(Bloomberg) -- U.S. companies are enjoying a good earnings season -- but their efforts to squeeze out profits may mean it’s harder to keep up that performance in the future, according to RBC Capital Markets.
“Many levers appear to have been pulled to get first-quarter 2019 earnings-per-share growth into positive territory for the S&P 500,” strategist Lori Calvasina wrote in a note Tuesday. We “are starting to question whether these efforts can be replicated in coming quarters.”
Robust buyback activity, a reduction in shares outstanding and pricing initiatives have been among steps taken to boost earnings-per-share, according to Calvasina. Cost-savings plans have been more in focus this reporting season than in the last few, she said.

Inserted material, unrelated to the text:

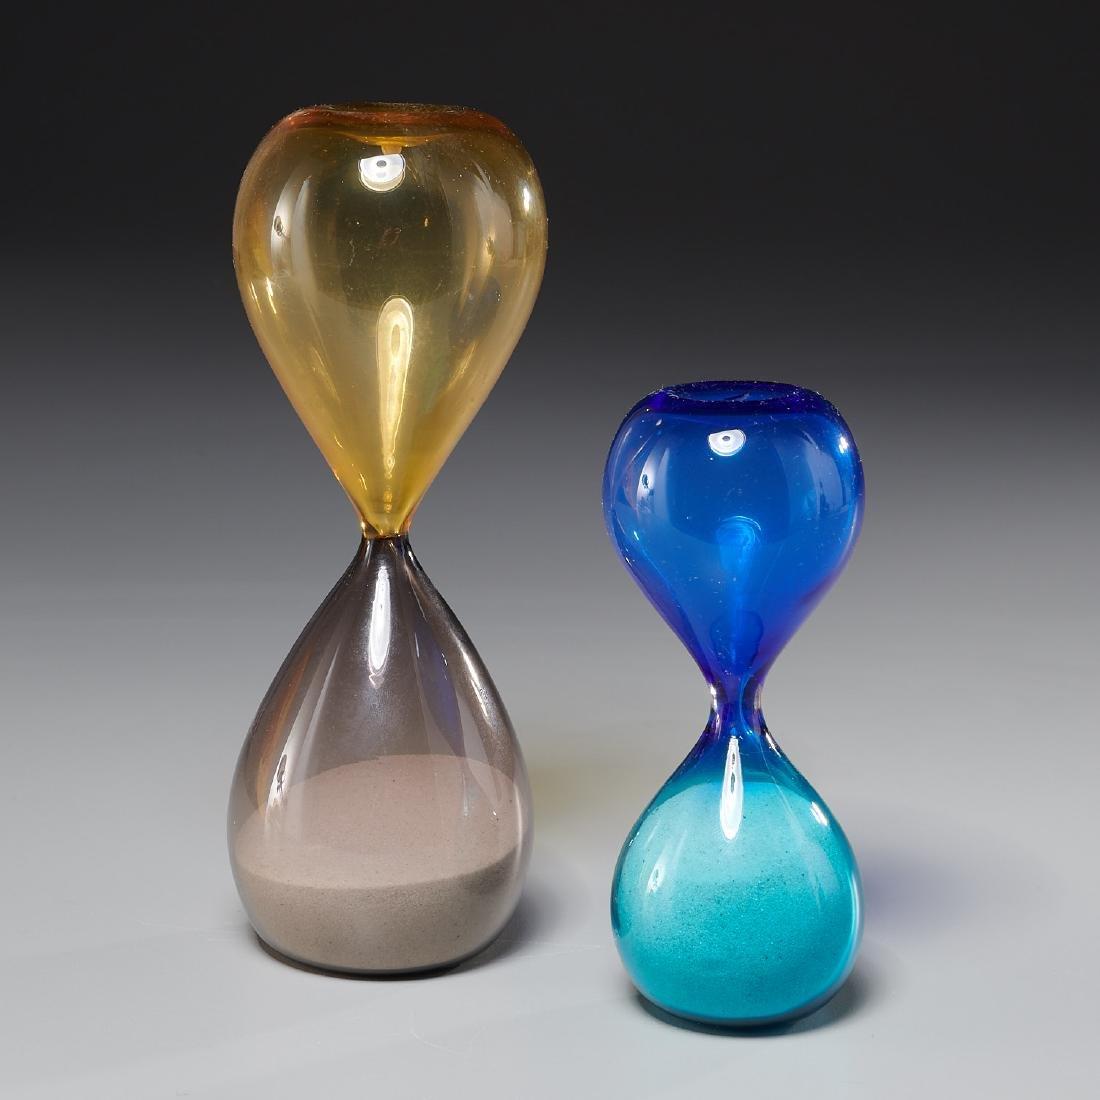 (2) Venini Clessidra hourglasses

About 76 percent of S&P 500 companies have beaten earnings estimates, according to data compiled by Bloomberg. Margin improvements via cost cuts have been a major driver of the better-than-expected results, Bloomberg Intelligence’s Gina Martin Adams said.
A recent report by Moody’s Investors Service Inc. suggested companies have pivoted to using tax reform primarily to reward shareholders, rather than to pay down debt and ramp up capital spending and outlays on research and development.
“While we applaud the determination of management teams to navigate the many pressures that confronted them during the quarter,” Calvasina wrote, “one of the biggest questions that we have coming out of reporting season is whether companies will be able to pull these levers again in coming quarters -- particularly if tariff headwinds strengthen.”